If you are highly sensitive, you can benefit profoundly from maintaining a Focusing attitude throughout the day.
In honor of this new year, I’d like to share with you some good news from the Focusing world. As a long-time Focuser, I’m well-aware of the many ways Focusing contributes to my life. A newly published research study once again bears out this subjective impression.
In the study, Dr. Siebrecht Vanhooren— the first-ever recipient of the Gendlin Grant, established by The International Focusing Institute in honor of Focusing founder Eugene Gendlin (1926-2017)— examined more specifically what forms of Focusing contribute most to a sense of life satisfaction, while also lowering distress and existential anxiety.

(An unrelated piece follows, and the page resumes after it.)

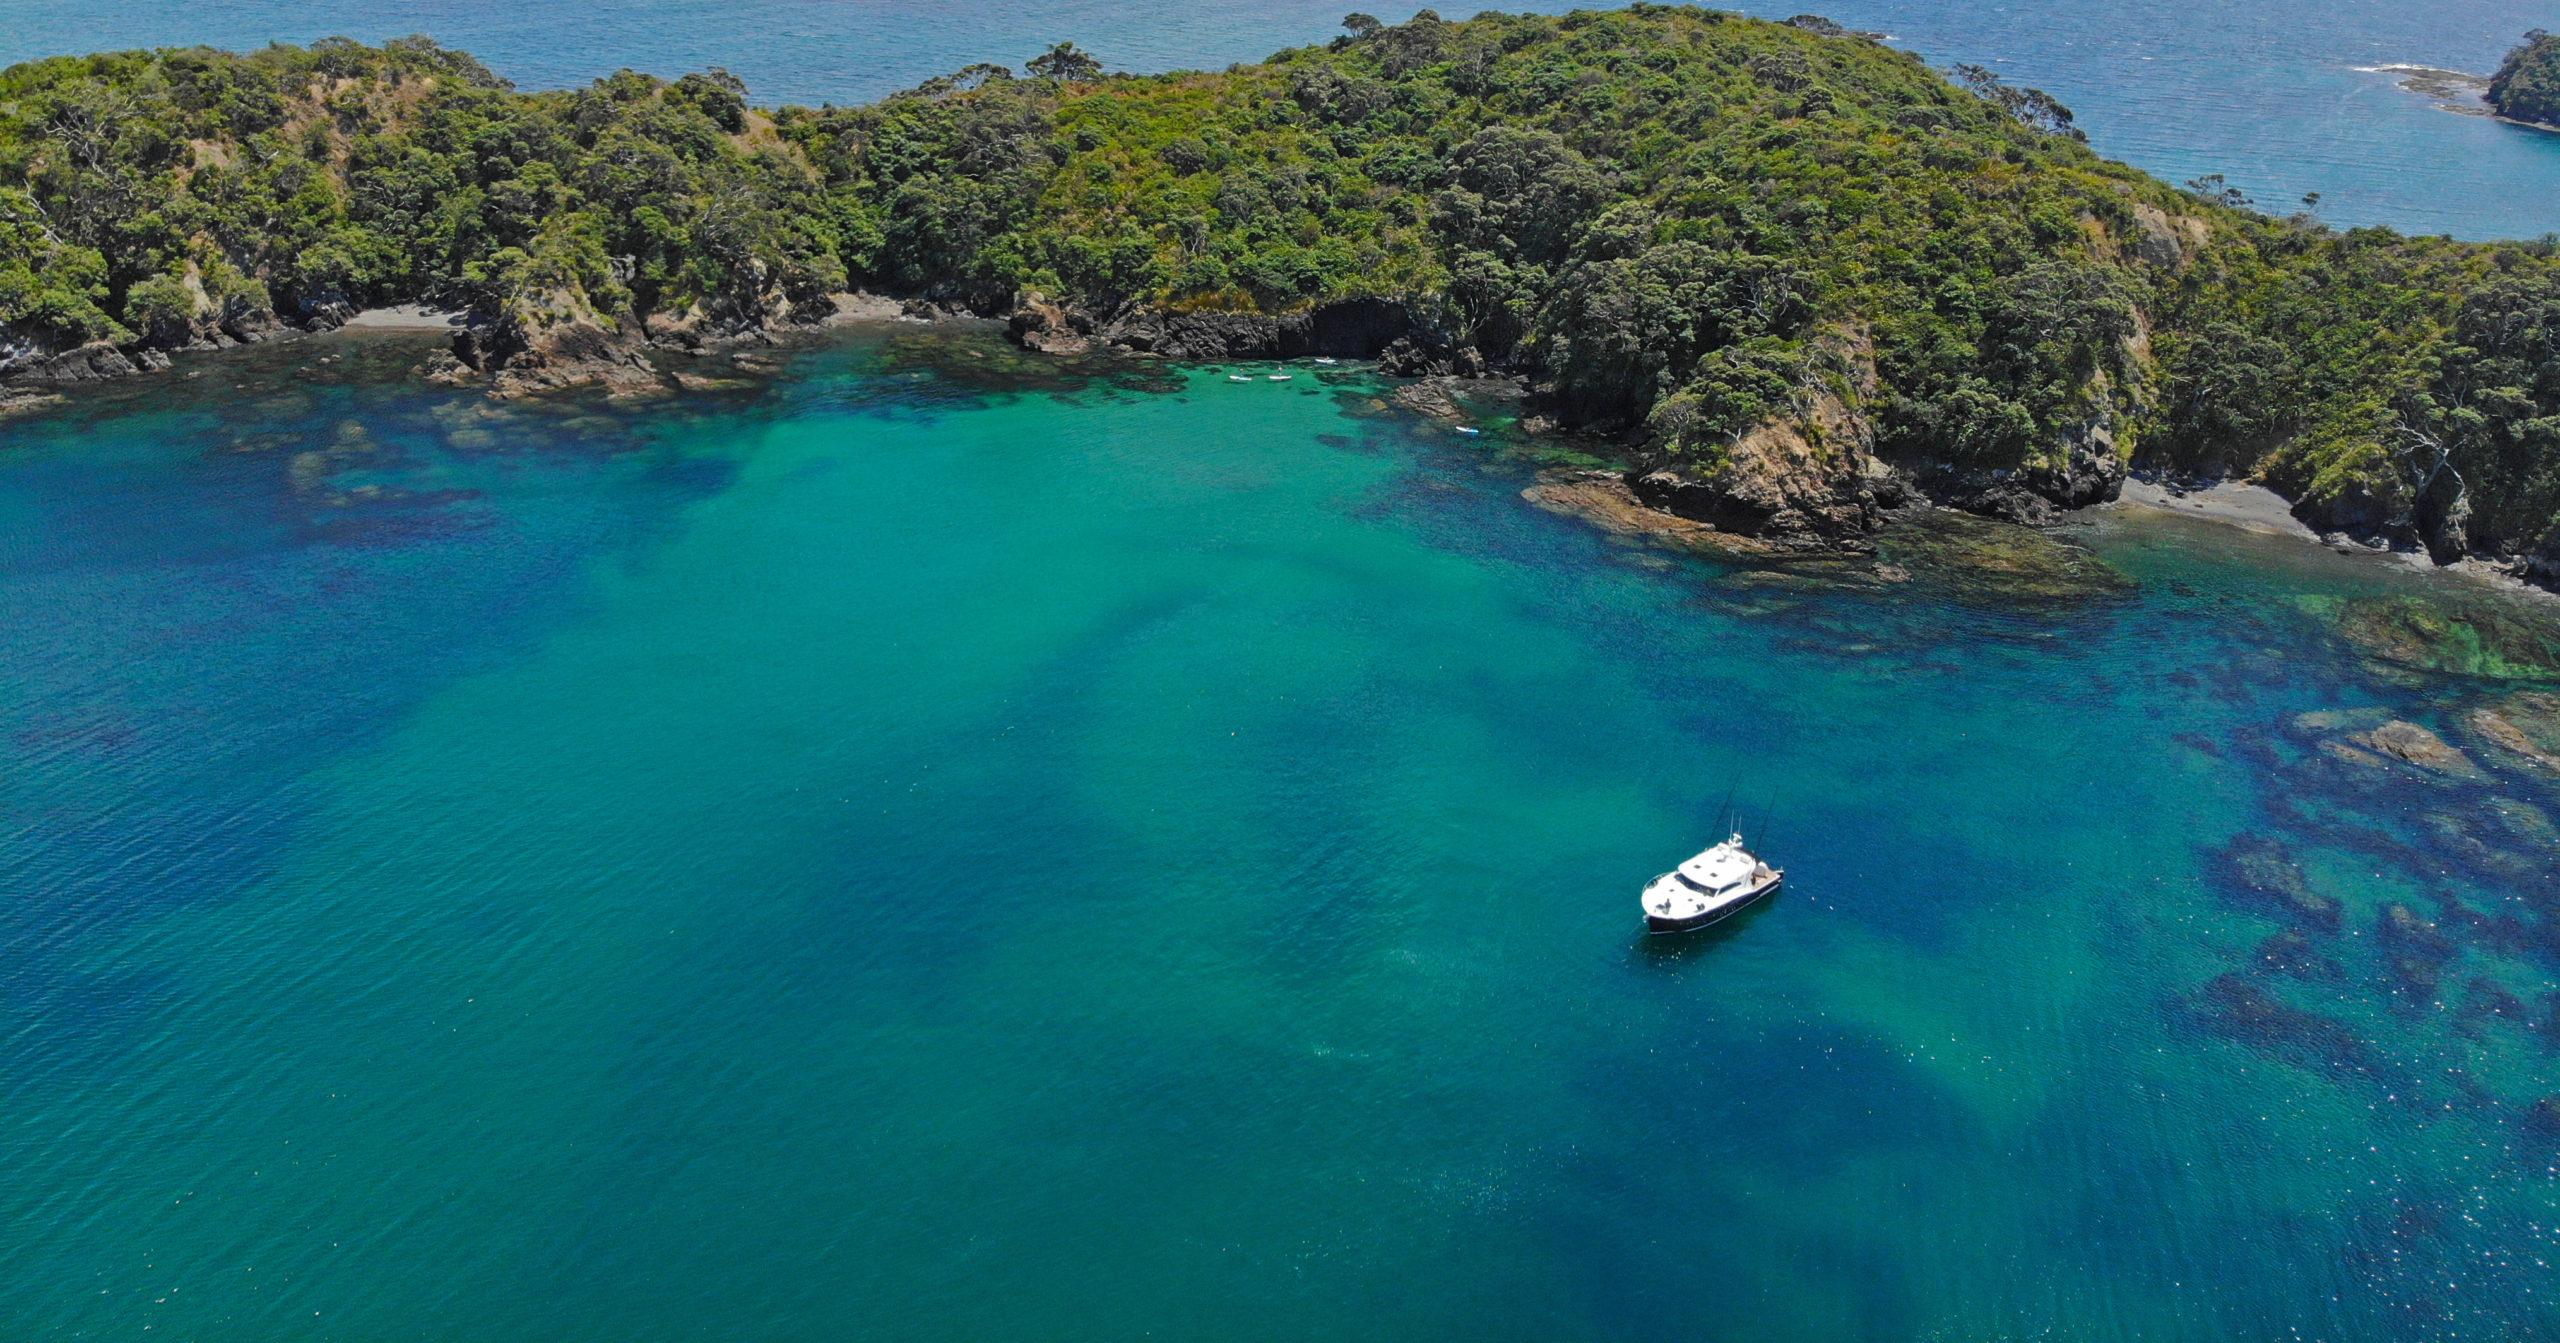 Ruru-Drone-Shot-with-island-in-background-scaled

We are bombarded these days with laser-focused studies: the kind of study that, for example, takes a single nutrient out of its typical food context, feeds insane amounts of it to mice in the lab, then draws conclusions that create a short-lived fad among us humans. This study is different. It was conducted in a meaningful context, and it delivered specific, actionable information.
If you practice Focusing already, this new information about the “Focusing attitude” will inspire you. Whatever inner work or therapy you do, though, understanding and adopting a Focusing attitude will make that work more powerful and effective.
About the study
Dr. Siebrecht Vanhooren is a Focusing-oriented psychotherapist and an assistant professor of clinical psychology at KU Leuven, a research university in Belgium. With two colleagues, he studied 385 Dutch-speaking Focusers (Vanhooren, Grosemans & Breynaert, 2021).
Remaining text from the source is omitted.